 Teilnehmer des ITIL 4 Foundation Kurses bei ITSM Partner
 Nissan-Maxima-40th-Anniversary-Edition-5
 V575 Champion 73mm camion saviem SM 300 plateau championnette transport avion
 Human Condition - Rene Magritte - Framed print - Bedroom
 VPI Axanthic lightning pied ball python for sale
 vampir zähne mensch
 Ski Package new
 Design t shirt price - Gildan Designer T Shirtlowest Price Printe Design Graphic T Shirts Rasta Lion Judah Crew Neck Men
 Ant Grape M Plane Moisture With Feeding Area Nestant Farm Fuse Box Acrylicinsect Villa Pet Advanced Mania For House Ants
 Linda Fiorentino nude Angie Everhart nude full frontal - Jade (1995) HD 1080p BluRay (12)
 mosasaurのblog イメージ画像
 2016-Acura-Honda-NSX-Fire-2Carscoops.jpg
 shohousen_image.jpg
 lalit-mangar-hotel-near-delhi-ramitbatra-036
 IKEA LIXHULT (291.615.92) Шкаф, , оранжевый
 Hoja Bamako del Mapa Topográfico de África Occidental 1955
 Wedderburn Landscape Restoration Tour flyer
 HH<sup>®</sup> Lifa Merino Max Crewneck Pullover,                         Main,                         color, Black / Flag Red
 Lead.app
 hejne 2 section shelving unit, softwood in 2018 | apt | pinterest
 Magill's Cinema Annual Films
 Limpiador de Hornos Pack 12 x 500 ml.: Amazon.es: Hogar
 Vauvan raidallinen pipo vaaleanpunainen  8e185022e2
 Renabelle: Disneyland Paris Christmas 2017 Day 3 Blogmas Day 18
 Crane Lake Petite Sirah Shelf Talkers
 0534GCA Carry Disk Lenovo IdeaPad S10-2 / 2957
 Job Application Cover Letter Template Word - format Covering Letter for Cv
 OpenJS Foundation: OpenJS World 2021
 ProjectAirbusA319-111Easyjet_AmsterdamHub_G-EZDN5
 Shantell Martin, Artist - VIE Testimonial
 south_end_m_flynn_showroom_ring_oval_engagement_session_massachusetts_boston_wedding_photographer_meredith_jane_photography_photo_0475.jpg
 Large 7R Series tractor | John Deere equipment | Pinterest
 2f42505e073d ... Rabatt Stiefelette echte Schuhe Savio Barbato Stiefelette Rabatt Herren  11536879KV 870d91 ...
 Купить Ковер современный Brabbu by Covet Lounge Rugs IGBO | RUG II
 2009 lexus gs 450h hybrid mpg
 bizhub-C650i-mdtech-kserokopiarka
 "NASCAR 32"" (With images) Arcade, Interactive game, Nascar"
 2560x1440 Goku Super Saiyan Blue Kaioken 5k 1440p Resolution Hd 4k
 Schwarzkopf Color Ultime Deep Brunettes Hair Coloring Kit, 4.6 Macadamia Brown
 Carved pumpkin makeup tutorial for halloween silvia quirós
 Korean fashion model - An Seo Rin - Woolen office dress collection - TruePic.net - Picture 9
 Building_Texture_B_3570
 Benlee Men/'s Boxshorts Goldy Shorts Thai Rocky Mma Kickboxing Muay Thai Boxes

+++

### What is required
Starting with the line that holds "Hoja Bamako del" and ending with the line that holds "Renabelle: Disneyland Paris", retype every line in the data above exactly, and nothing else.

### Answer to this problem
 Hoja Bamako del Mapa Topográfico de África Occidental 1955
 Wedderburn Landscape Restoration Tour flyer
 HH<sup>®</sup> Lifa Merino Max Crewneck Pullover,                         Main,                         color, Black / Flag Red
 Lead.app
 hejne 2 section shelving unit, softwood in 2018 | apt | pinterest
 Magill's Cinema Annual Films
 Limpiador de Hornos Pack 12 x 500 ml.: Amazon.es: Hogar
 Vauvan raidallinen pipo vaaleanpunainen  8e185022e2
 Renabelle: Disneyland Paris Christmas 2017 Day 3 Blogmas Day 18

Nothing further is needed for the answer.